Del sueño a la acción

El movimiento Dreamer ha sido una plataforma para los indocumentados estadounidenses que llegaron antes de la mayoría de edad, en donde no sólo se pelea por una visa, sino por el respeto a la pluralidad cultural, racial y religiosa.

No hay movimiento activista que tenga más claridad política que el Dreamer. La generación de inmigrantes indocumentados que llegó a Estados Unidos siendo menor de edad tiene como principal activo su pluralidad, y ha construido identidades alternas: los chicos LGBT incluyeron la diversidad sexual y de género y crearon el movimiento Undocuqueer. Los jóvenes de raza negra acuñaron el Undocublack. Los feministas y de minorías religiosas construyeron alianzas y ampliaron su capacidad de lobby. No se asumen como minoría, sino como ciudadanos activos. Aquí el movimiento Dreamer diez años después.

Dreamer diez años después, foto 1

Foto: Mark Abramson.

Era apenas el tercer día de 2018 y en una esquina del barrio angelino de Westwood, frente a las oficinas de la senadora Dianne Feinstein, quince personas furiosas iniciaban el año agitando carteles y gritando consignas a favor del presidente Trump y en contra de los inmigrantes indocumentados. Agentes de la policía contenían el grupo en un perímetro marcado por una cinta amarilla.

La escena fue una sorpresa para quienes esperaban encontrar a los activistas que habían convocado a un evento en esa ubicación para exigir la aprobación de la ley Dream Act. El evento se había desplazado a otro punto sobre la misma avenida: los organizadores decidieron evitar la confrontación y enviar su mensaje sin distracciones del pequeño grupo opositor. La estrategia funcionó. Reporteros, camarógrafos y jóvenes que llegaron para hacer Facebook Live desde sus teléfonos escucharon a un grupo diverso y peculiar hablar sobre la necesidad de regularizar el estatus migratorio de los jóvenes indocumentados. La actriz Alyssa Milano y el actor Bradley Whitford fueron la representación del Hollywood más progresista. La dirigente de la comunidad musulmana y codirectora de Women’s March, Linda Sarsour, le recordaba a los legisladores que su salario lo pagan quienes viven en Estados Unidos, para subrayar que su obligación es escucharlos. Junto con ella, había líderes laborales, representantes del movimiento #MeToo, jóvenes activistas y abogados voluntarios.
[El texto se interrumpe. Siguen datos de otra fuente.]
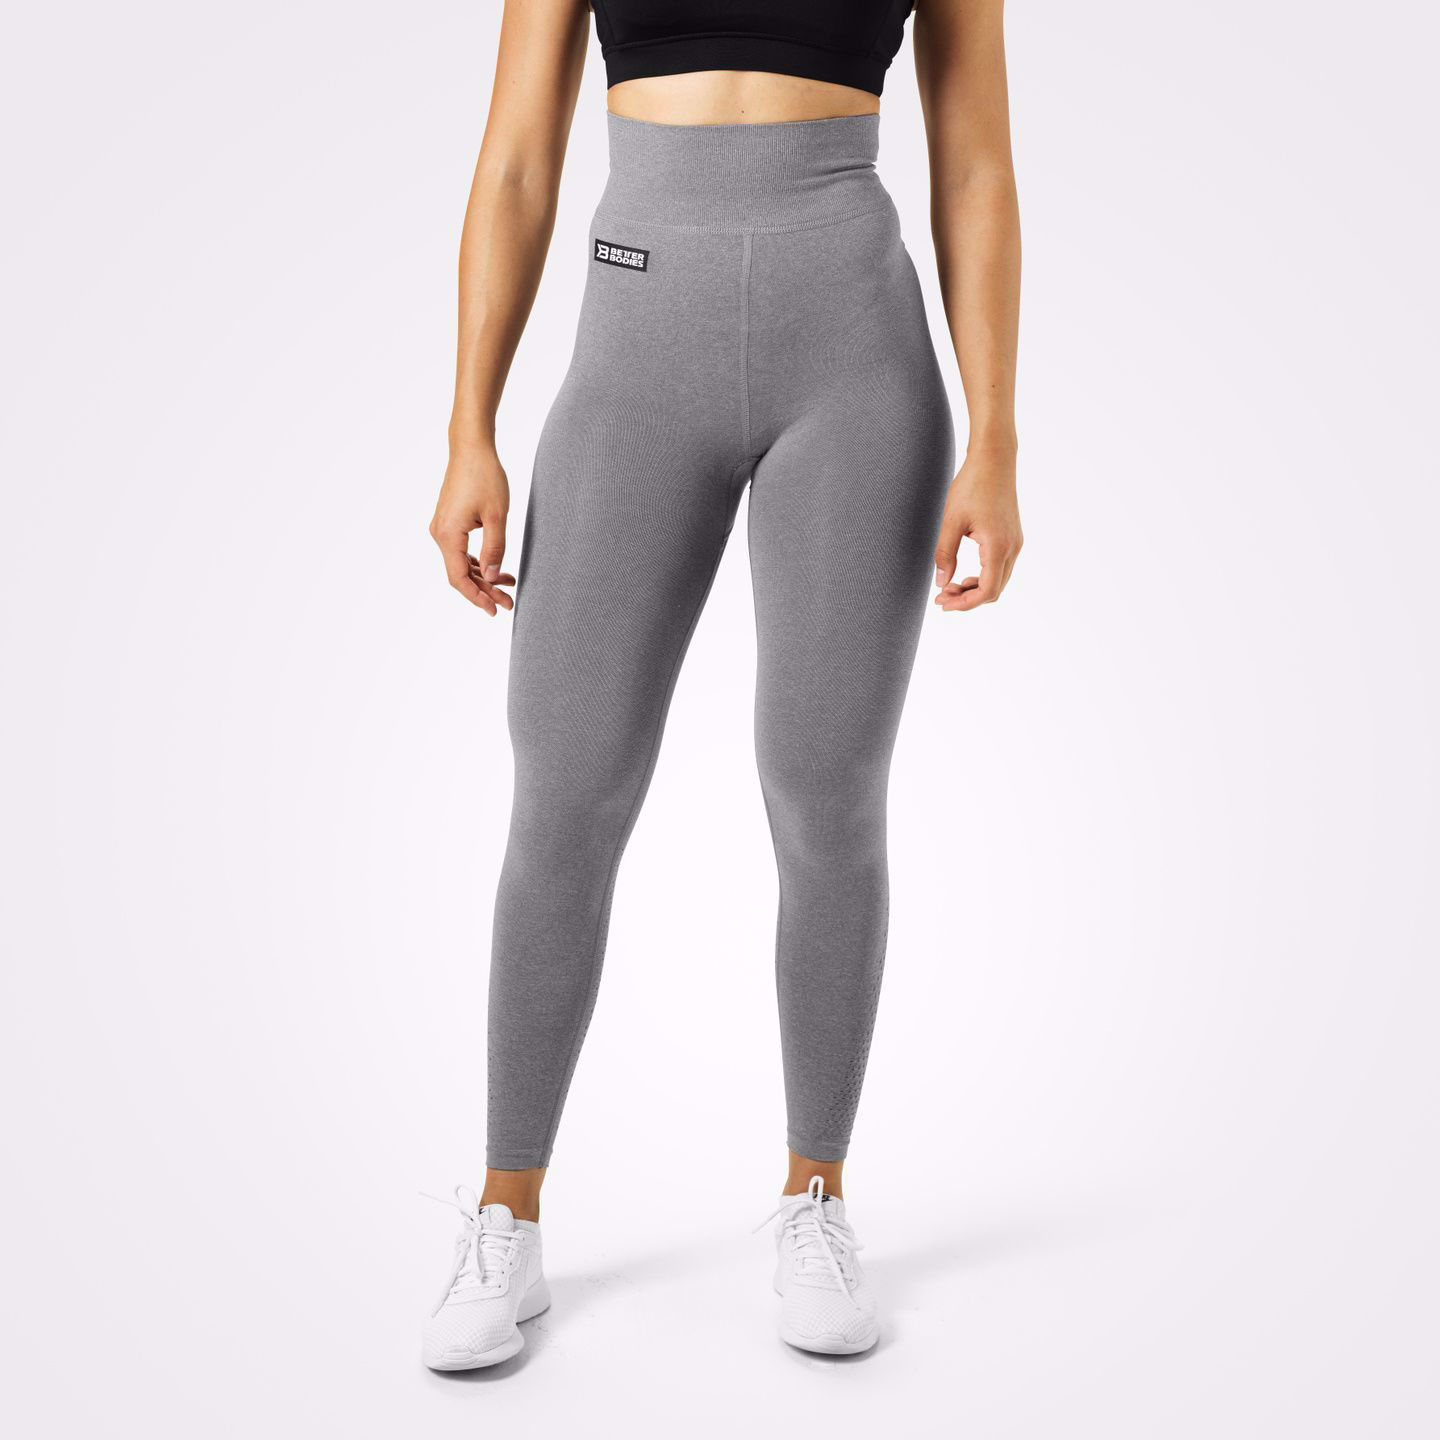 https://www.mgactivewear.com/images/thumbs/0000742_better-bodies-bowery-grey-melange-high-waist-seamless-legging-for-gym.jpeg

Una convocatoria amplia y diversa: ese es el rostro del movimiento Dreamer a un año de iniciada la era Trump.

Dreamer diez años después, foto 2

Foto: Mark Abramson.

Aunque la iniciativa conocida como Dream Act (por sus siglas: Development, Relief and Education for Alien Minors) se presentó ante el Congreso de Estados Unidos hace 16 años, fue en 2008 cuando las organizaciones de estudiantes indocumentados, creadas al interior de las universidades, se expandieron a nivel nacional. A través de las redes sociales, los jóvenes empezaron a generar estrategias de cabildeo legislativo y de presencia mediática y a planear acciones de desobediencia civil reuniendo en un punto del país, y sin conocerse, a gente de distintos estados. Construyeron una estructura que empezó a tomar forma durante la campaña presidencial de Barack Obama —en la que muchos de ellos, a pesar de no poder votar, se sumaron a los llamados “ejércitos de Obama”— en 2010. En ese año, el Dream Act quedó a cinco votos de ser aprobado en el Senado y no llegó a convertirse en ley. En consecuencia, estos chicos decidieron tomar el asunto en sus manos.

Si durante la campaña presidencial de 2008 los jóvenes activistas llamaban a la puerta de posibles votantes para hablar sobre su candidato, para la elección de 2012 ya ocupaban un lugar en el escenario durante los eventos políticos para compartir sus historias. En 2016, muchos de ellos se sumaron nuevamente a los equipos de campaña, ahora contratados como estrategas y enlaces con la comunidad. Y en 2017, se convirtieron en el único grupo organizado capaz de frenar la maquinaria política nacional —incluida la aprobación del presupuesto— de la controversial administración del presidente Donald Trump. La agenda de los dreamers se convirtió en el gran tema que, a falta de acuerdos, provocó el cierre del gobierno de Estados Unidos.